= Vasile M. Popov =

Romanian systems theorist

Vasile Mihai Popov (born July 7, 1928, Galaţi, Romania) is a leading systems theorist and control engineering specialist. He is well known for having developed a method to analyze stability of nonlinear dynamical systems, now known as Popov criterion.

== Biography ==
He was born in Galaţi, Romania on July 7, 1928. He received the engineering degree in electronics from the Bucharest Polytechnic Institute in 1950.

He worked for a few years as Assistant Professor at the Bucharest Polytechnic Institute in the Faculty of Electronics. His main research interests during this period were in frequency modulation and parametric oscillations. In the mid 1950s, he joined the Institute for Energy of Romanian Academy of Science in Bucharest. In the 1960s, Popov headed the Control group at the Institute of Energy of the Romanian Academy.

In 1968 Popov left Romania. He was a visiting professor at the Electrical Engineering departments of University of California, Berkeley, and Stanford University, and then Professor in the
department of electrical engineering at the University of Maryland College Park. In 1975 he joined the mathematics department of University of Florida Gainesville.

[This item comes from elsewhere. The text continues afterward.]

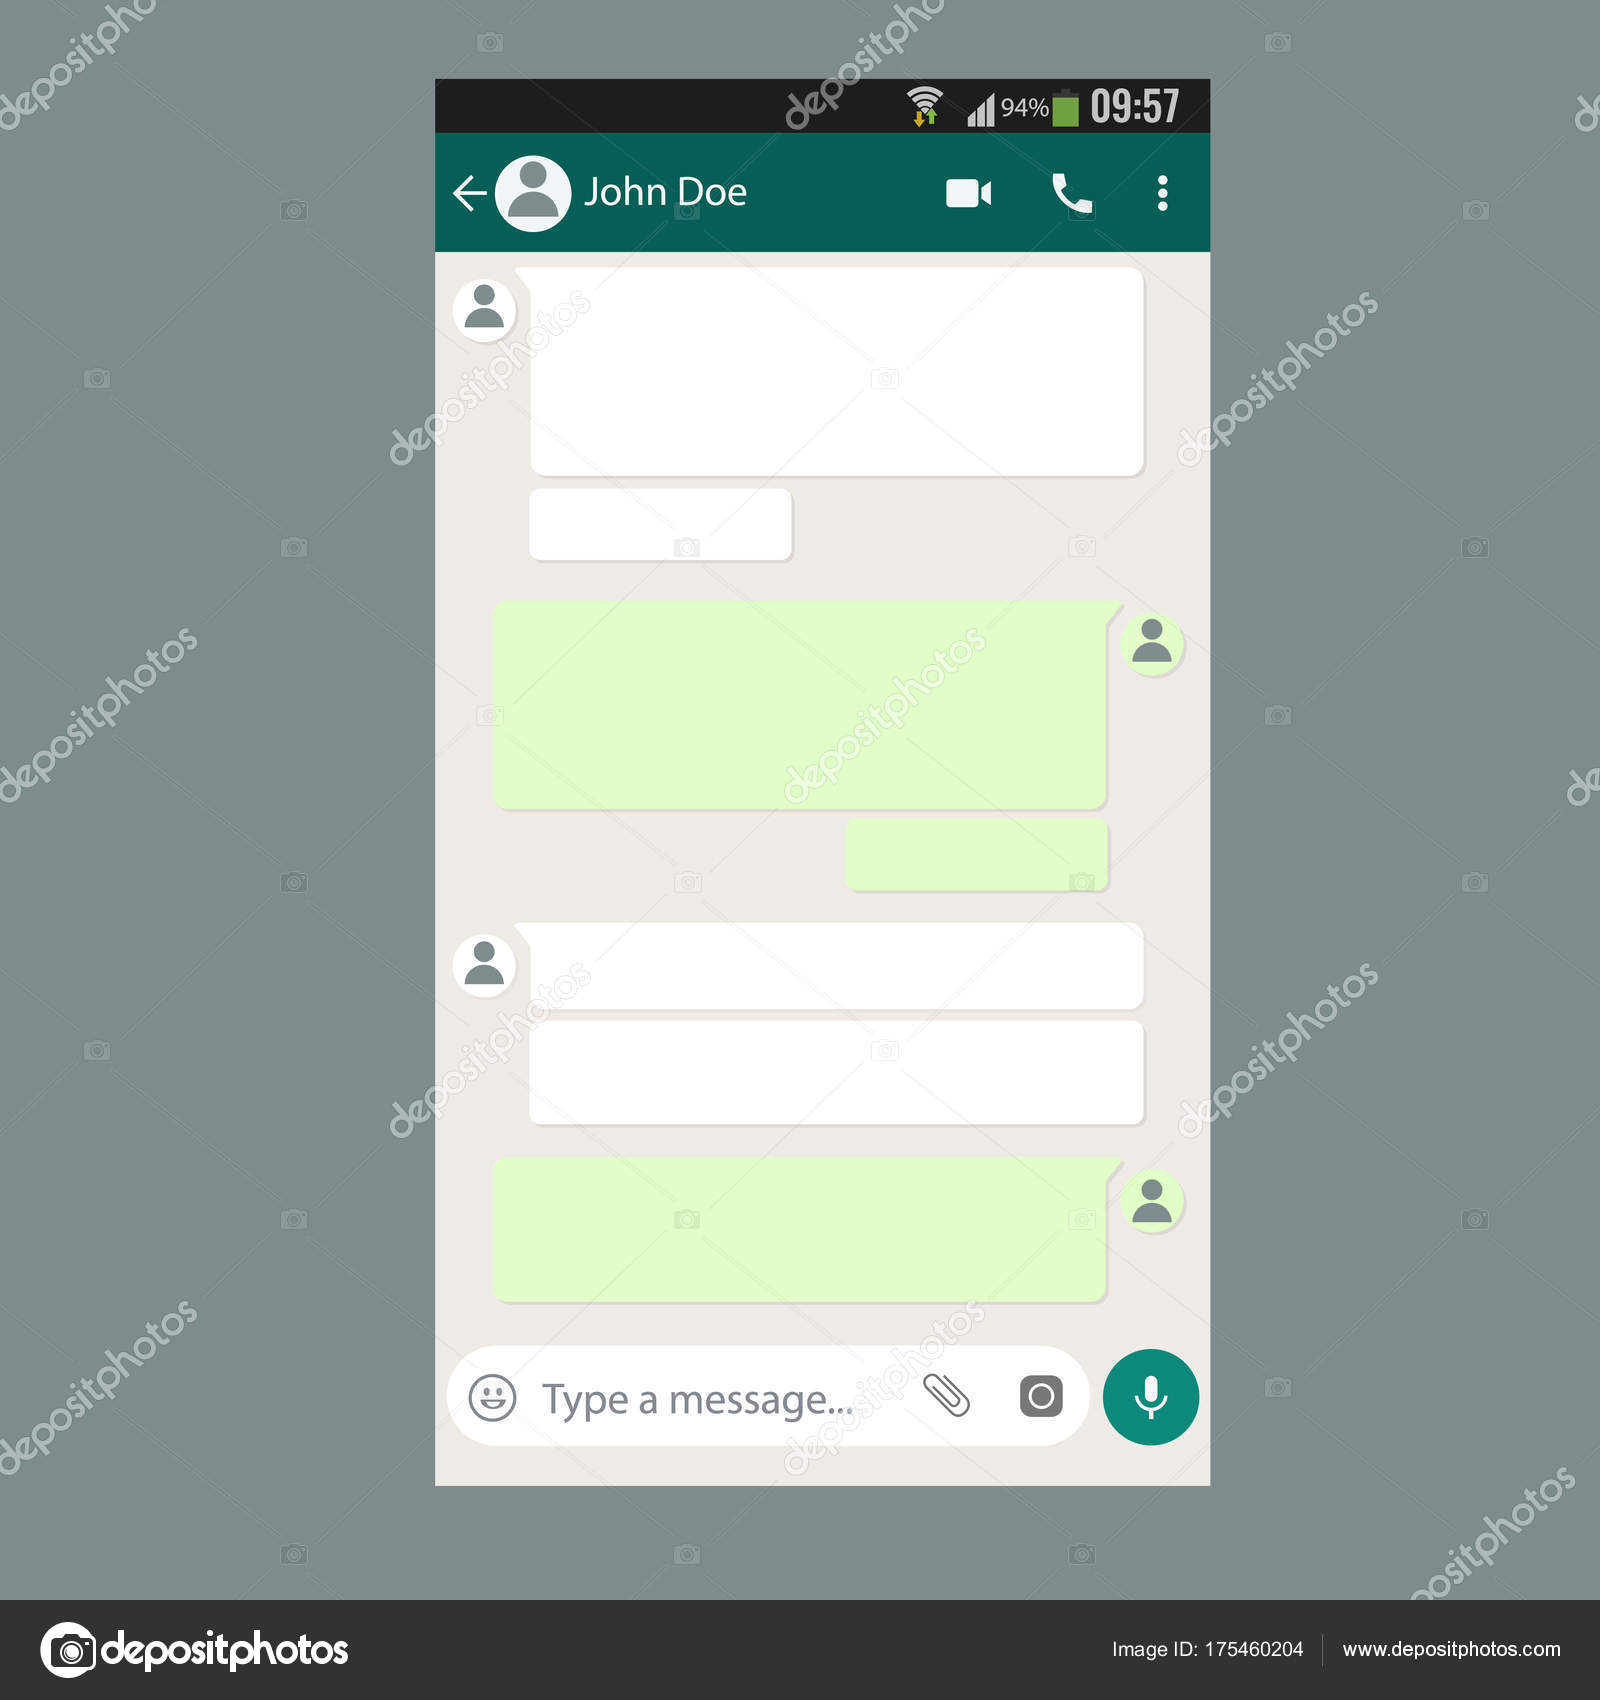 Download Whatsapp Chat Mockup - Free Download Mockup

He retired in 1993 and currently resides in Gainesville, Florida, USA.

== Work ==

=== Qualitative theory of differential equations ===
Motivated by stability issues in nuclear reactors and by his participation in a seminar series on qualitative theory of differential equations run by A. Halanay, Popov started working in stability of nonlinear feedback systems, in particular on the Lur'e-Postnikov problem.

In 1958/59 he obtained, through a very original approach, the first frequency stability criterion for a class of nonlinear feedback control systems. He continued this work and obtained the equivalence between the state space (Lyapunov function based) approach and the frequency domain approach for stability and obtained a very perceptive characterization of passive systems, nowadays known as the celebrated Kalman–Yakubovich–Popov lemma.

=== Hyperstability ===
In the early 1960s, Popov also conceived the notion of hyperstability, a concept that he viewed as generalization of absolute stability. This introduced a new and a very fruitful point of view for the analysis and synthesis of nonlinear feedback systems.

This research work was published in the first half of the sixties and led to the book Hyperstability of Dynamic Systems, first published in Romania in 1966, and subsequently translated into French and English (Springer-Verlag, 1973). Popov was also the first to discover the geometric invariants of linear systems with respect to certain "transformation groups" and he introduced a "canonical" form for uniquely describing the multivariable systems.